- [Work required] Begin at the line below that has "Naprawa stacyjek, zamków". Stop after the line that has "Kyosho - 4301 - Triumph - Manual - Page 20", repeating each line exactly and leaving out the pictures.

- [Information given]
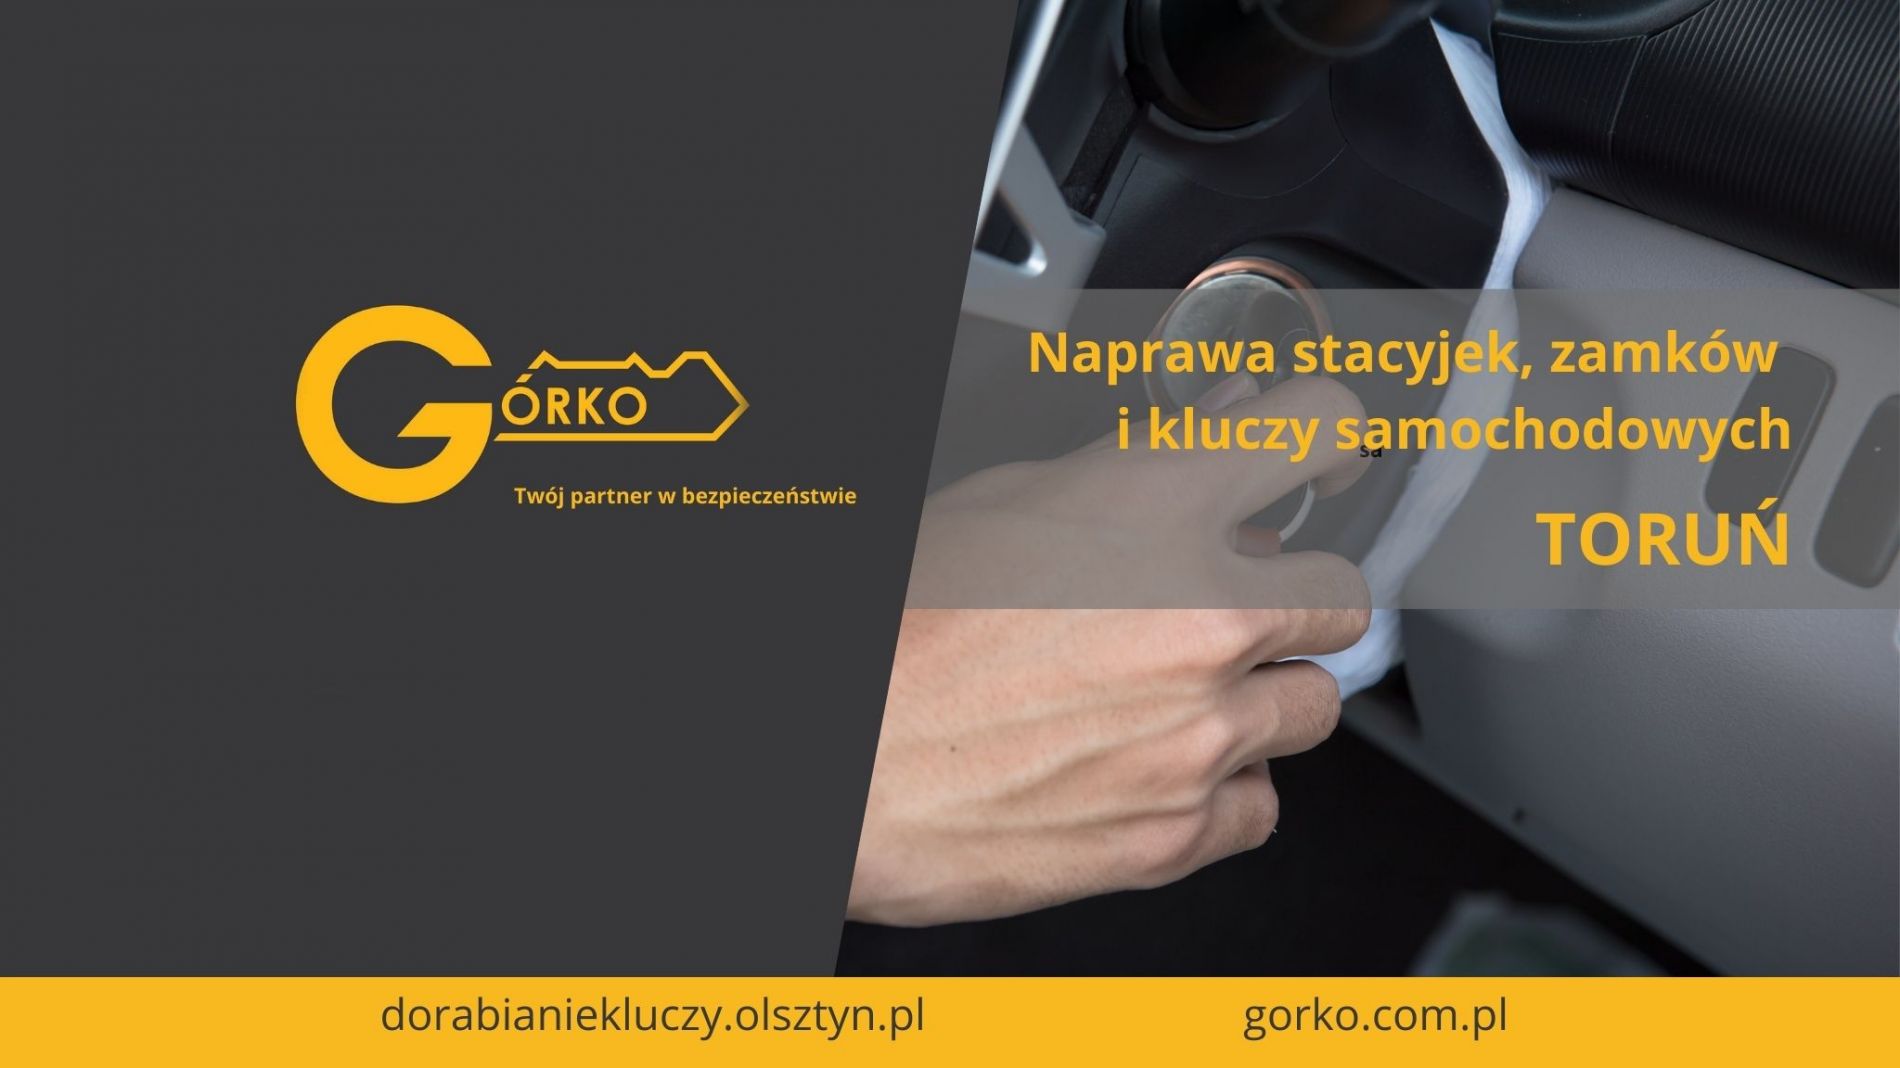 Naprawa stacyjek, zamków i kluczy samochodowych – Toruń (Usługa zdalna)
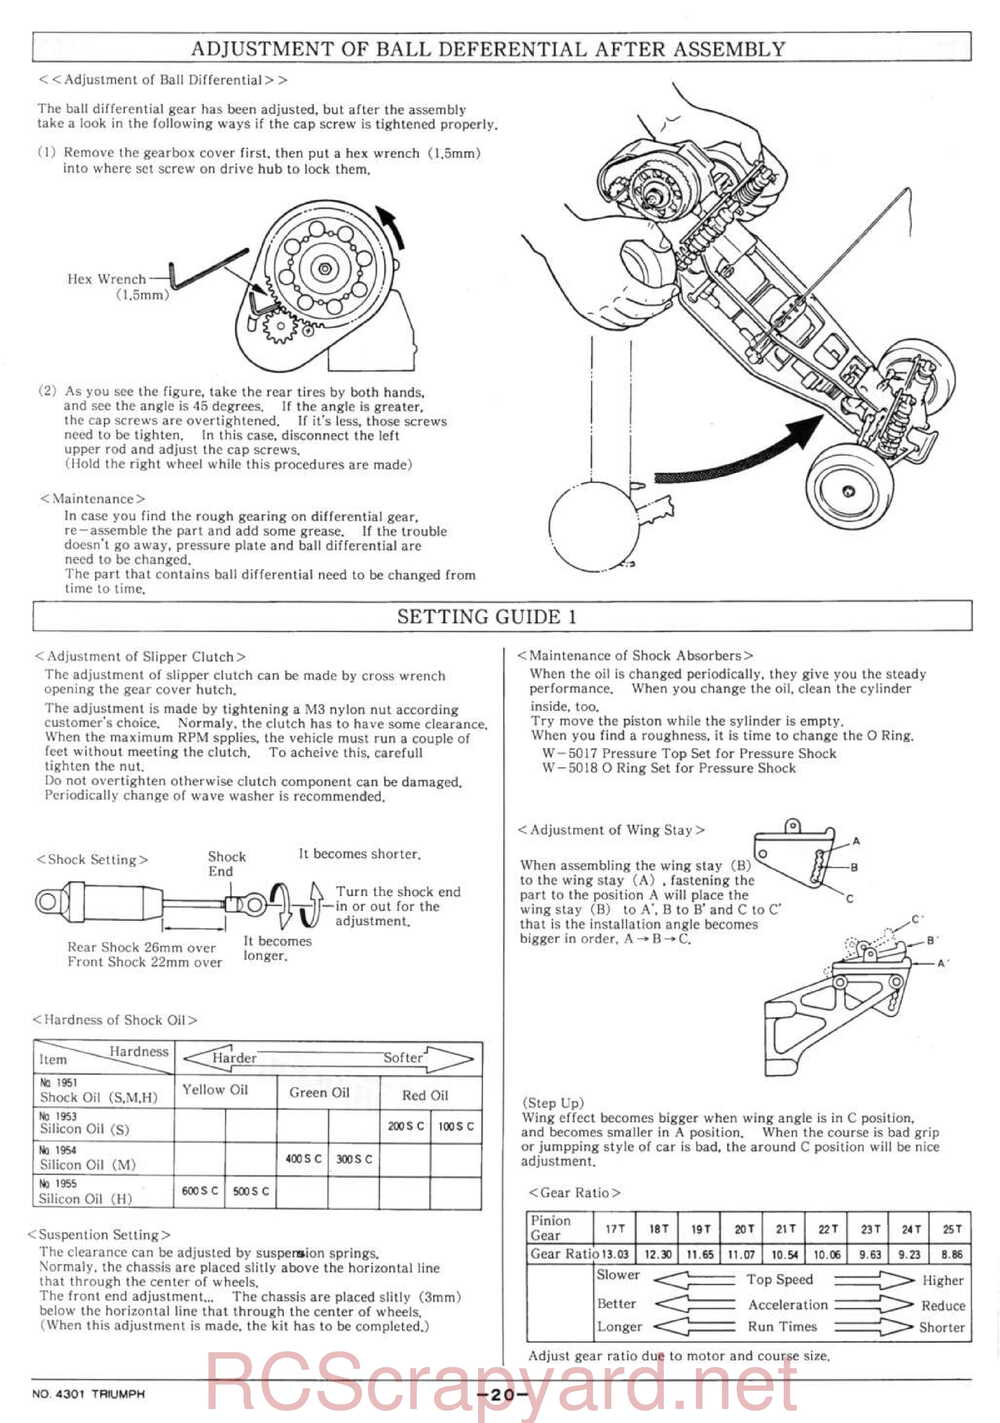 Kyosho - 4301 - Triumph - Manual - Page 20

---

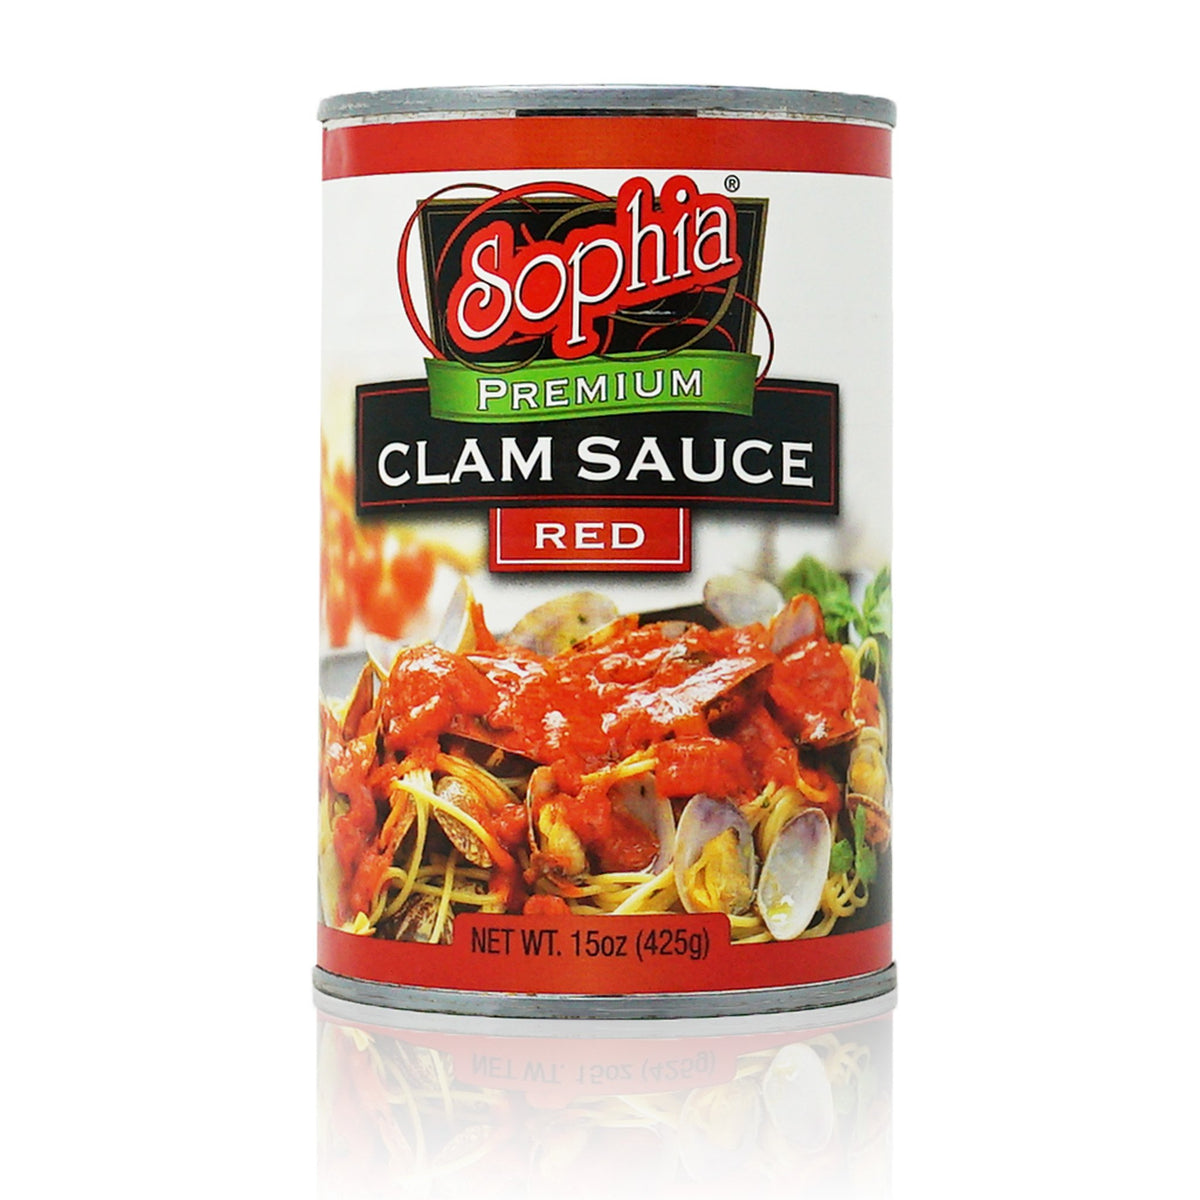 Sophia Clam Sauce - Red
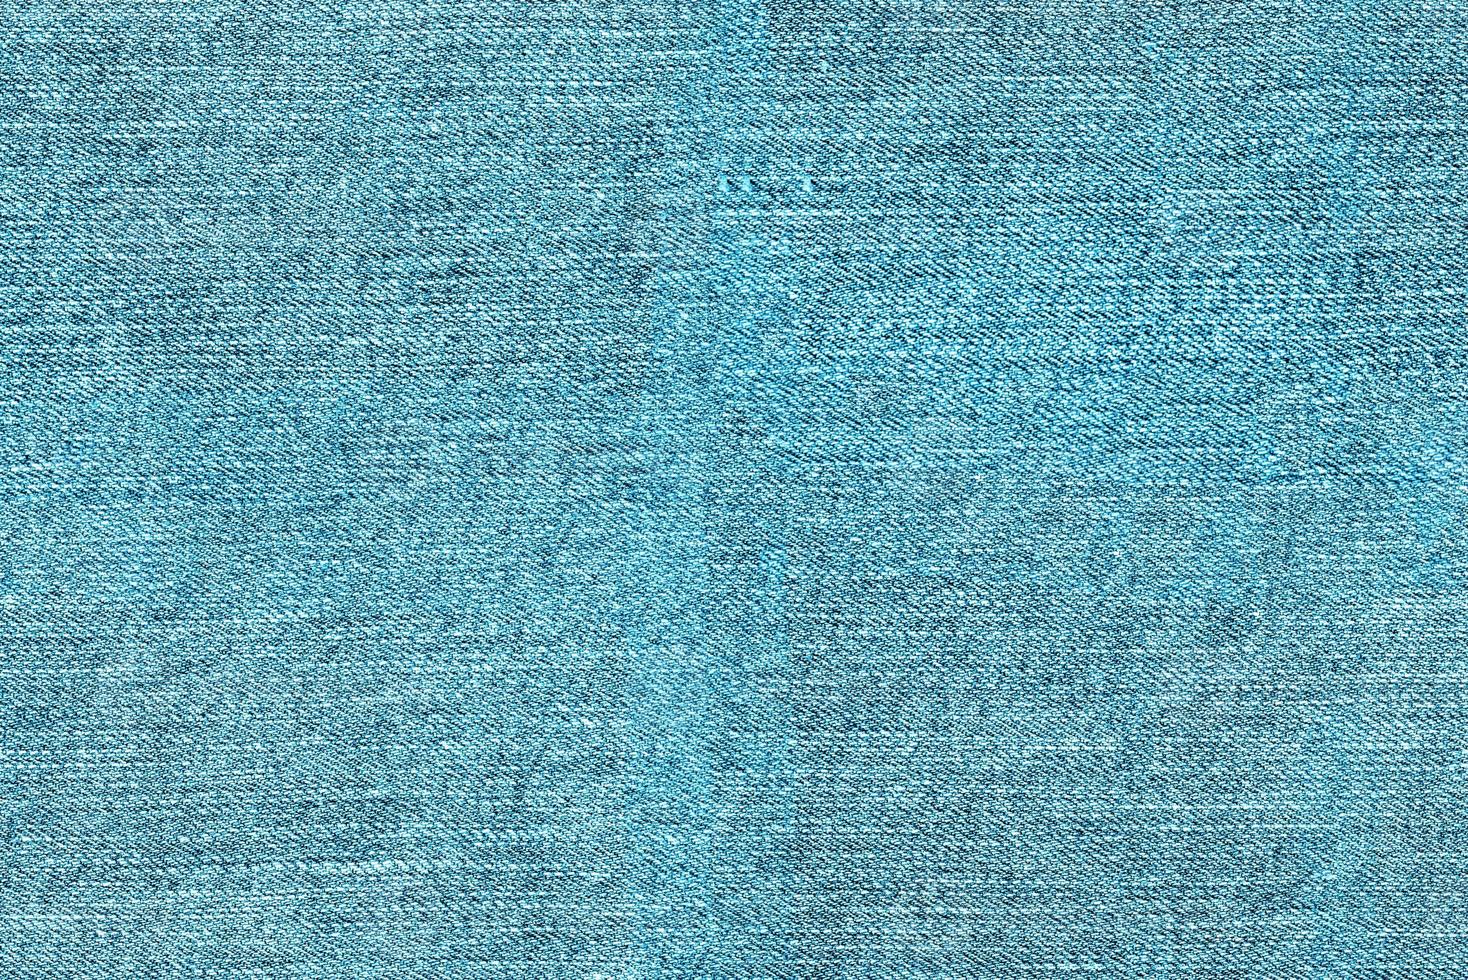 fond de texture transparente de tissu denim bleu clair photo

==

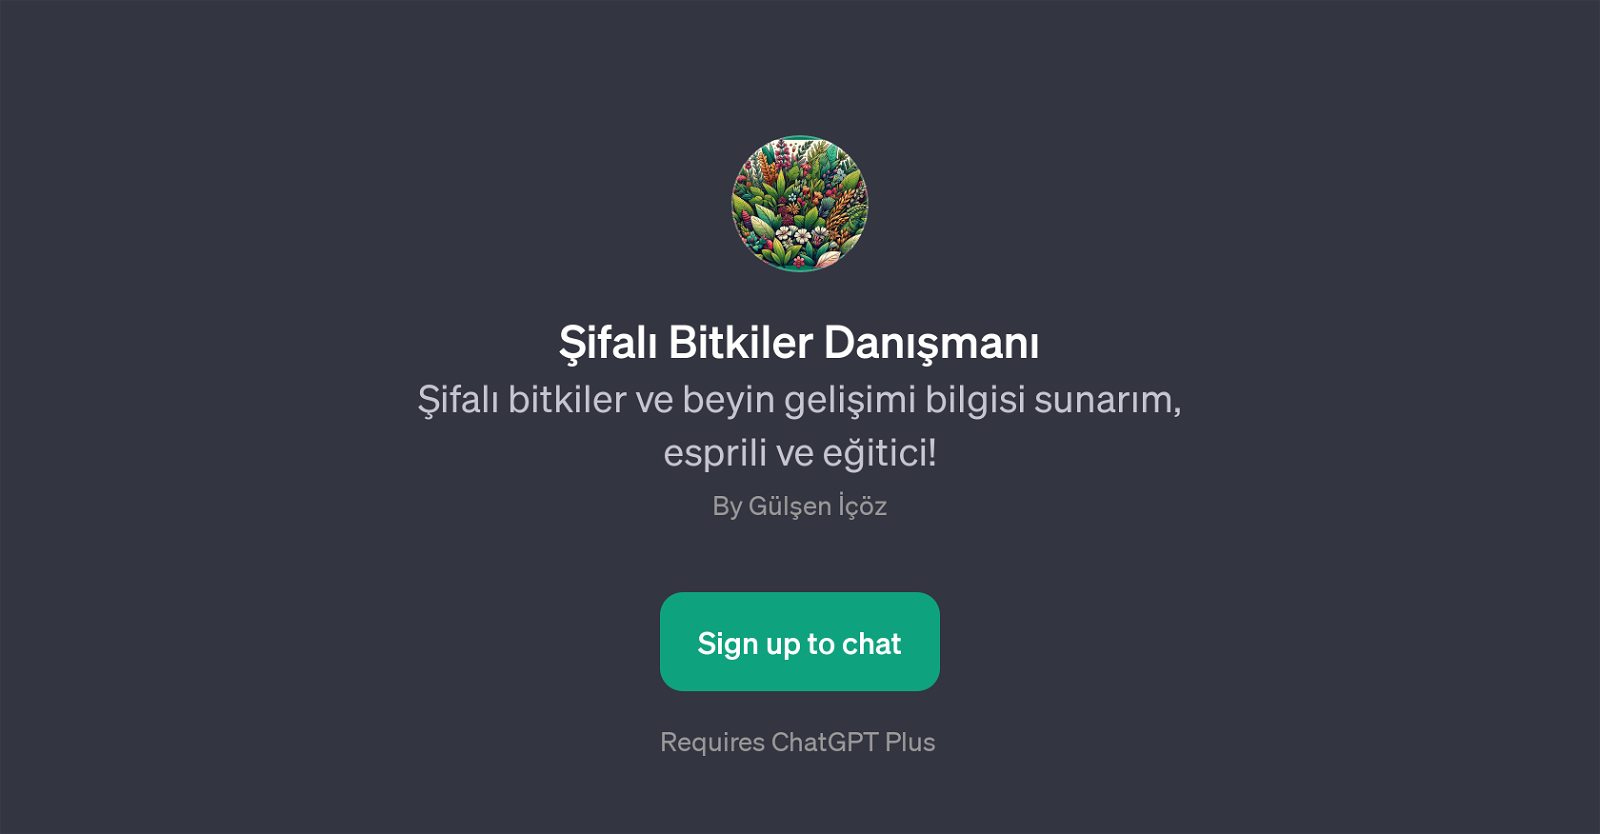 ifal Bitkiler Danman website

- [Written answer]
 Naprawa stacyjek, zamków i kluczy samochodowych – Toruń (Usługa zdalna)
 Kyosho - 4301 - Triumph - Manual - Page 20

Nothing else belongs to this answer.